Will explains that Asian consumers differ from consumers in Scandinavia. While Scandinavia is more technologically advanced, Asian consumers are younger and spend more of their dispensable income online as well as more time. There is no question that Asia is emerging as the dominant world market going forward, and it is important to be present early to develop an intimate understanding of how to adapt your products and services to the various groups of buyers here.
What is important to keep in mind when expanding to Asia?
“One must keep in mind that there are big differences within Asia”, says Will. Which market or markets companies should target is therefore highly dependent on the product or service being sold. As a general rule, he explains, one should aim for one or two countries in the initial stages. This is particularly true if the product requires cultural adaptation, as the culture and language will significantly differ from one country to the next.
Will also emphasises the importance of having a good country manager who is familiar with the market. Moreover, contrary to what has been the practice among Norwegian companies, the country manager does not have to be Norwegian. “Sometimes having a local country manager is a good way to enter the market, as you can tap into their network and knowledge”, he adds.
What are the benefits of expanding to Singapore, in particular?
“Singapore is a good base to reach other Asian markets”, Will says. First, the city-state is unique in its ease and comfort of living. The language, the diversity of cultures, and the good climate make it an attractive place to relocate. Second, and perhaps most importantly, the Singapore government offers a range of incentives for business. By supporting specific industries from the establishment phase through their expansion phase, they are making it attractive for people to start companies.

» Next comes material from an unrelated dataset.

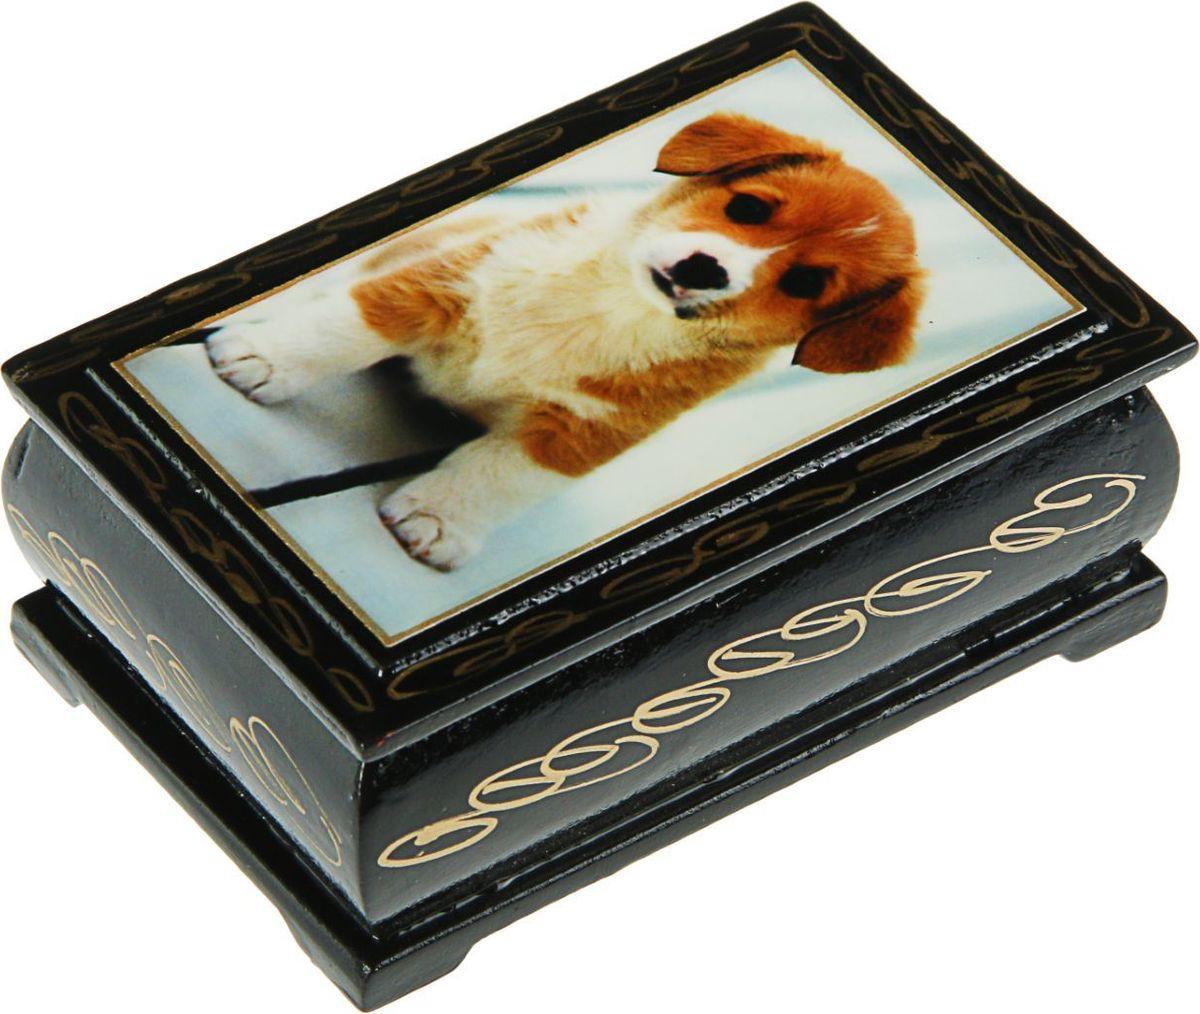 Шкатулка Sima-land Собаки. Лаковая миниатюра, цвет: черный, 6 см х 9 см. 24311492431140Шкатулка — это небольшой сувенир, а также оригинальная упаковка подарка. Она дополнит интерьер спальни, гостиной или прихожей. Изделие предназначено для хранения украшений: колец, браслетов, часов, цепочек, колье, сережек и прочих предметов.

Will discusses several support mechanisms, including the entrepreneur visa (EntrePass) that allows you to stay in Singapore for two years to build a business. Moreover, there are attractive tax rules for employee stock options, you get tax refunds for investing in technology and the government provides financial incentives for international expansion. Most of the government support is available to any company that has at least 30% local ownership.
As a bottom line, Will states that “for many companies with global products, it is important to get out there as soon as possible. Singapore is an excellent, low-risk option for your entry into the Asian market”.